Di kalangan masyarakat Sunda berkembang
anggapan bahwa Ratu Kidul merupakan titisan dari seorang putri Pajajaran yang bunuh diri di laut selatan karena diusir oleh
keluarganya karena ia menderita penyakit yang membuat anggota keluarga lainnya
malu. Dalam kepercayaan Jawa, tokoh ini dianggap bukanlah Ratu Laut Selatan
yang sesungguhnya, melainkan diidentikkan dengan Nyi Rara Kidul, pembantu setia Kanjeng Ratu Kidul. Hal ini
berdasarkan kepercayaan bahwa Ratu Kidul berusia jauh lebih tua dan menguasai
Laut Selatan jauh lebih lama sebelum sejarah Kerajaan Pajajaran
Menurut pengalaman seorang spiritualis pada
tahun 1998, ia bertemu dengan Kanjeng Ratu Kidul di pantai Parang Tritis, Yogyakarta. Saat itu, Eyang Ratu Kidul didampingi oleh Nyi Roro Kidul. Keduanya persis tetapi Eyang Ratu Kidul
kulitnya kuning langsat, sementara Nyi Roro Kidul agak coklat. Selain itu,
Eyang ratu Kidul mempunyai aura putih jernih dan gemerlapan seperti berlian,
bulat mengelilingi seluruh tubuhnya. Sedangkan aura Nyi Roro Kidul berwarna
putih susu seperti cahaya lampu neon, tipis putih mengikuti postur tubuhnya. Ia
diberi penjelasan bahwa Nyi Roro Kidul adalah patih atau kepala pengawalnya. Nyi
Roro Kidul adalah makhluk halus jenis jin yang mengabdi dan berguru kepada
Eyang ratu. Nyi Roro Kidul ditugaskan untuk mengontrol dan meredam angkara
murka dari makhluk-makhluk gaib jenis jin dan kekuatan gaib serta ilmu gaib
yang berada disepanjang pantai selatan Pulau Jawa.
Ni
Mas Ratu Anginangin
Dalam Serat Darmogandul, sebuah
karya sastra Jawa Baru yang
menceritakan jatuhnya Majapahit akibat serbuan Kerajaan Demak, Ni Mas Ratu Anginangin adalah ratu seluruh
makhluk halus di pulau Jawa dan memiliki kerajaan di
laut selatan.

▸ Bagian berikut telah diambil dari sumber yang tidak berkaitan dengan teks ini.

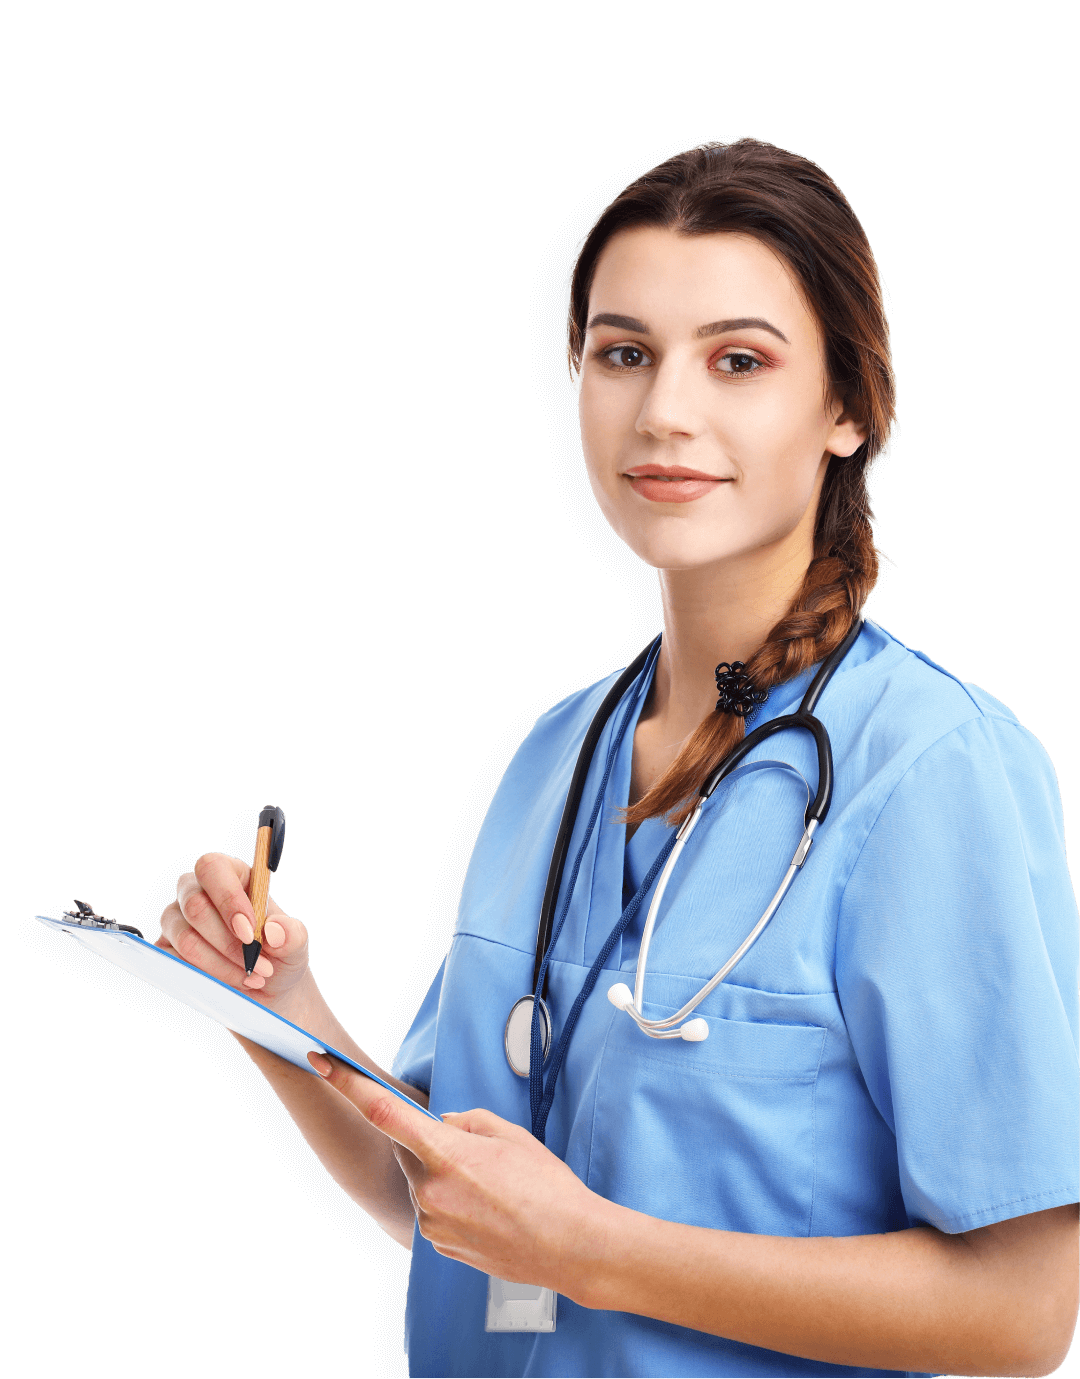 Nurse-Ambulatory Care professional

Hampir seluruh isi Serat Darmagandul merupakan bentuk turunan
dari cerita babad Kadhiri.
“
|
Samuksane
Sang Prabu Jayabaya lan putrane putri kang aran Ni Mas Ratu Pagêdhongan, Buta
Locaya lan kiyai Tunggulwulung uga padha muksa; Ni Mas Ratu Pagêdhongan dadi
ratuning dhêmit nusa Jawa, kuthane ana sagara kidul sarta jêjuluk Ni Mas Ratu
Anginangin. Sakabehe lêlêmbut kang ana ing lautan dharatan sarta kanan
keringe tanah Jawa, kabeh padha sumiwi marang Ni Mas Ratu Anginangin.
|
”
|
“
|
Saat
moksanya Sang Prabu Jayabaya dan putrinya yang bernama Ni Mas Ratu
Pagedhongan, Buta Locaya dan Kyai Tunggul Wulung juga
sama-sama moksa. Ni Mas Ratu Pagedhongan menjadi ratu makhluk halus
pulau Jawa, kotanya berada di laut selatan serta dijuluki Ni Mas Ratu
Anginangin. Seluruh makhluk halus yang ada di lautan daratan serta
kanan-kirinya tanah Jawa, semua sama-sama takluk kepada Ni Mas Ratu
Anginangin.
|
”
|
Serat Centhini juga menyebut nama Ratu Anginangin sebagai
pemilik istana di laut selatan. Buaya putih penjelmaan Prabu Dewatacengkar,
raja Medang Kamulan sebelum
kedatangan Aji Saka, adalah musuhnya. Ia memberi
gelar Jaka Linglung yang saat itu masih
belum memiliki nama sebagai Linglung Tunggulwulung dan menjodohkannya dengan Nyai Blorong. Serat Centhini menulis kesediaan Ratu Anginangin
menjadi tunangan Aji Saka atas perantaraan Jaka Linglung.
Ajar
Cemara Tunggal
Sebuah cerita rakyat dari Jawa Barat
menceritakan seorang penerawang pria bernama Ajar Cemara Tunggal dari Gunung
Kombang di Kerajaan Pajajaran.
Sebenarnya, ia adalah seorang wanita cantik, bibi buyut dari Raden Jaka Suruh.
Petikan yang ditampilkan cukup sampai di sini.